I’m not talking about raising a ton of money for large startups, more like following the Y Combinator model of initialing seeding up to $10-15,000 and if anything had potential help the company raise other funding through the usual support agencies or VC’s. Anybody on the funding side of this collaborative project would be able to choose where their money is invested rather than a kitty that is dispensed by somebody else.
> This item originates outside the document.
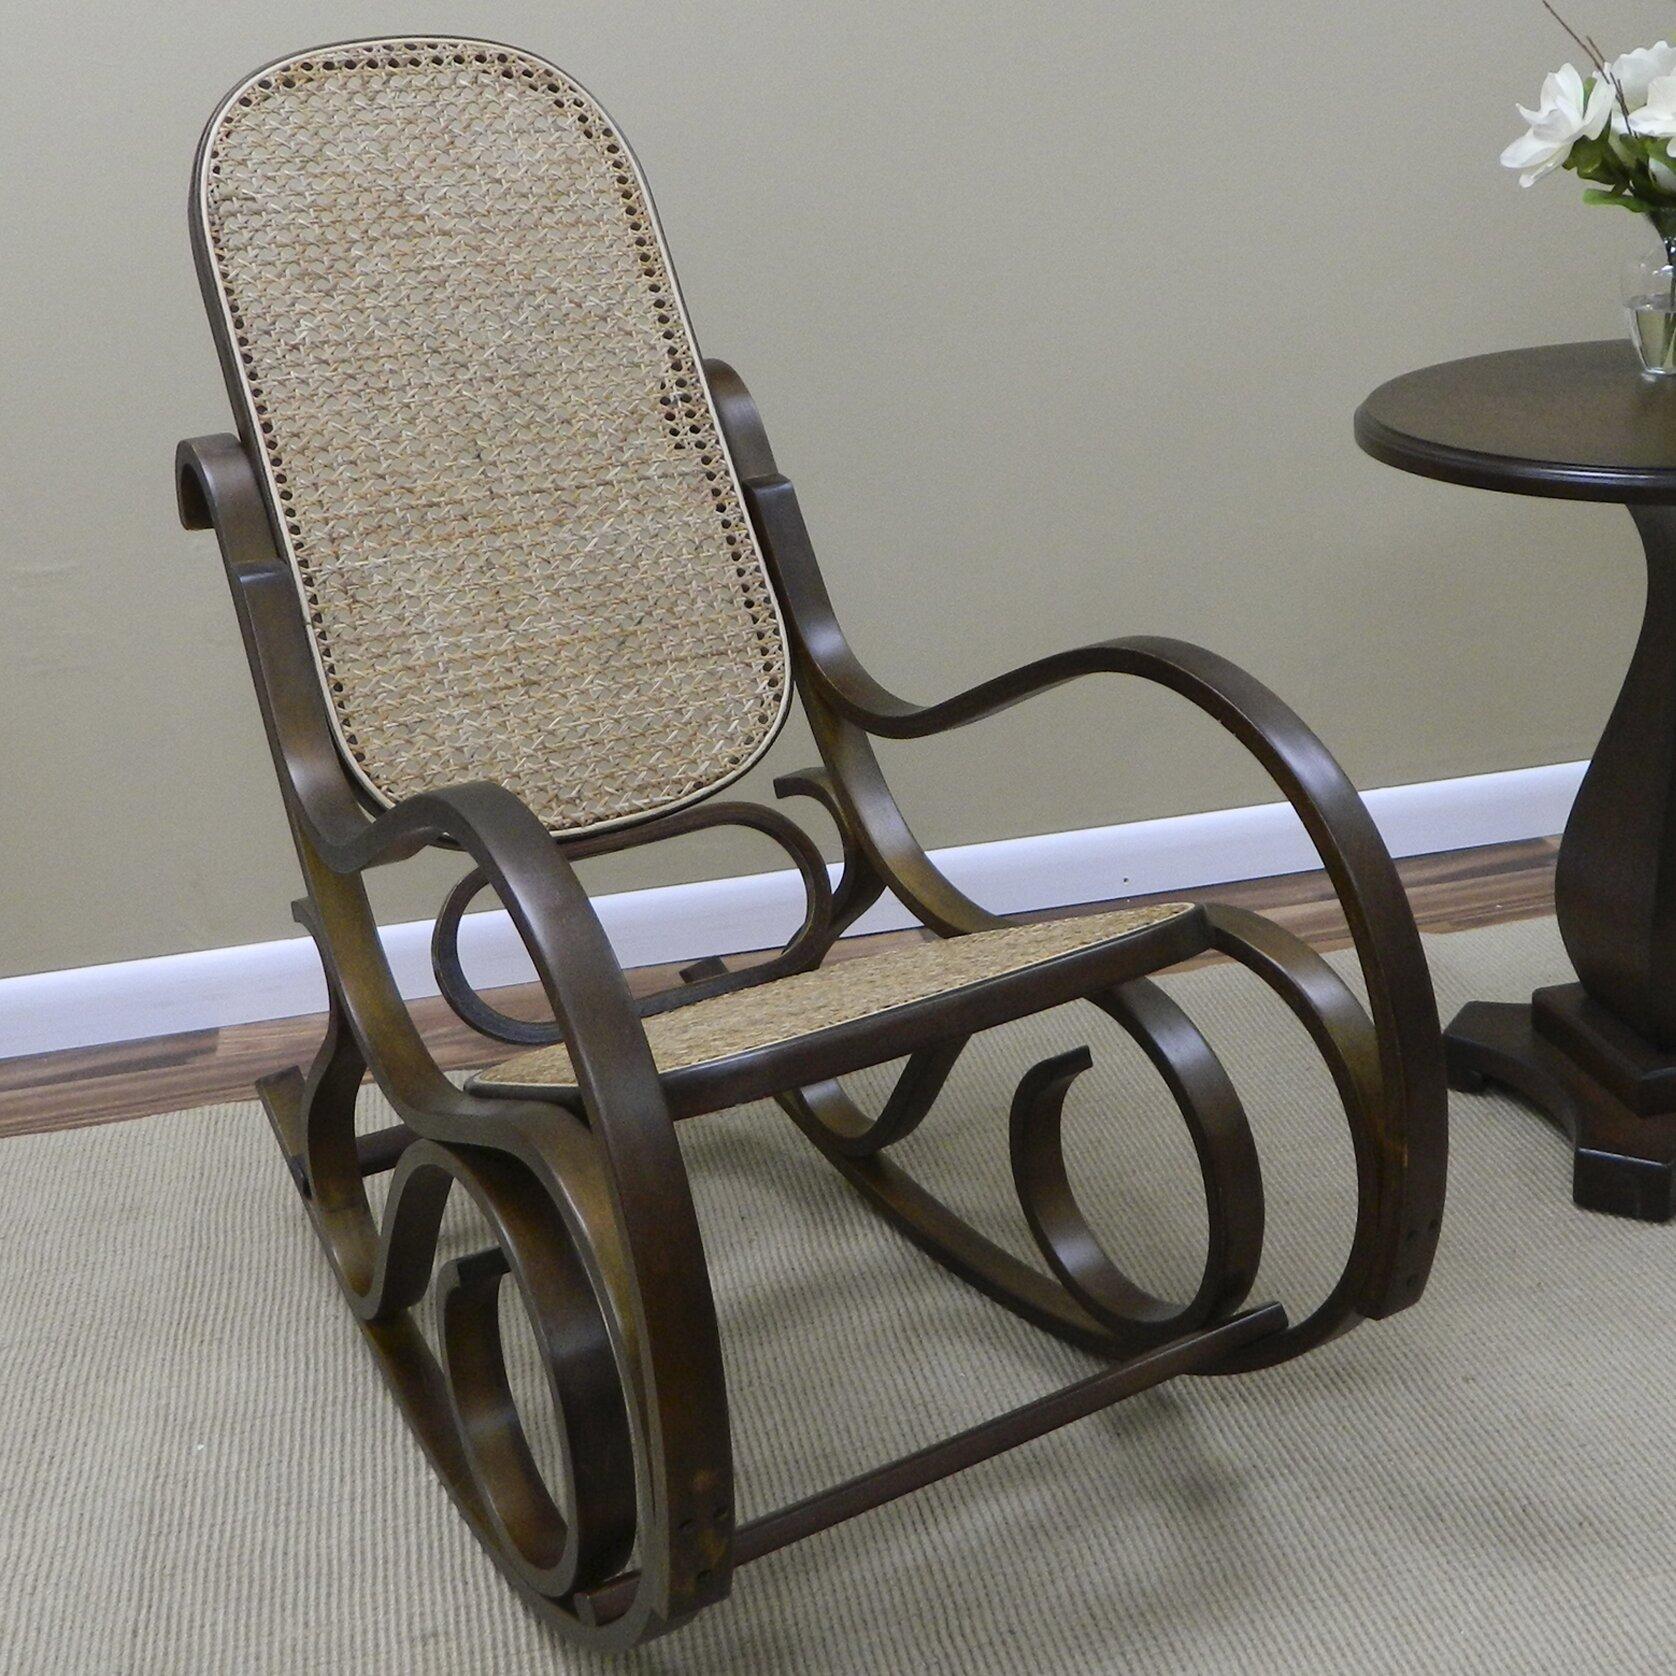 Bentwood rocking chair repair - Victoria Bentwood Rocking Chair

Other benefits, are that the tech investors will “train” as VCs for comparatively little investment, leading to bigger and better things down the line. Personally, I’d like to be able to spread my own risk as small company and have some interest (however small) in other small businesses. That in itself will foster incentive for the broader community to thrive.
Paul Walsh
March 29th, 2007 at 4:54 pm
Lal – try ctrl + alt + 4 for the Euro symbol
Lal
March 29th, 2007 at 6:35 pm
b…. means ? – is that a stammer or a guessing game?
David and Paul made some interesting remarks also over on http://segala.com/blog/european-startups-vs-the-us-upstarts/
the ‘Irish International Business Network’ sounds interesting and hoping it has some teeth.
David’s post had some more ideas on the “Irish tech community should setup their own mini-VC fund”
and also a topic I touched on regarding ‘camp’ http://web2ireland.org/2007/03/15/fancy-a-trip-to-sunny-colorado-and-go-play-at-getting-your-startup-going/ but in an Irish setting.
I’ll post seperately on that and thought/services regd. Enterprise Ireland and what ‘help’ that I can see (from outside) and some (hopeful) insight.
Lal
April 13th, 2007 at 12:15 am
Take a look at what a VERY EXPERIENCED INTERNET guru is doing with his money
Out of enterprise into very small consumer web startups http://blog.softtechvc.com/2007/03/looking_back_at.html
Lal
David Copithorne
April 14th, 2007 at 3:58 am
Good pointer (to Clavier), Lal, he’d dropped off my blog reading radar for some reason.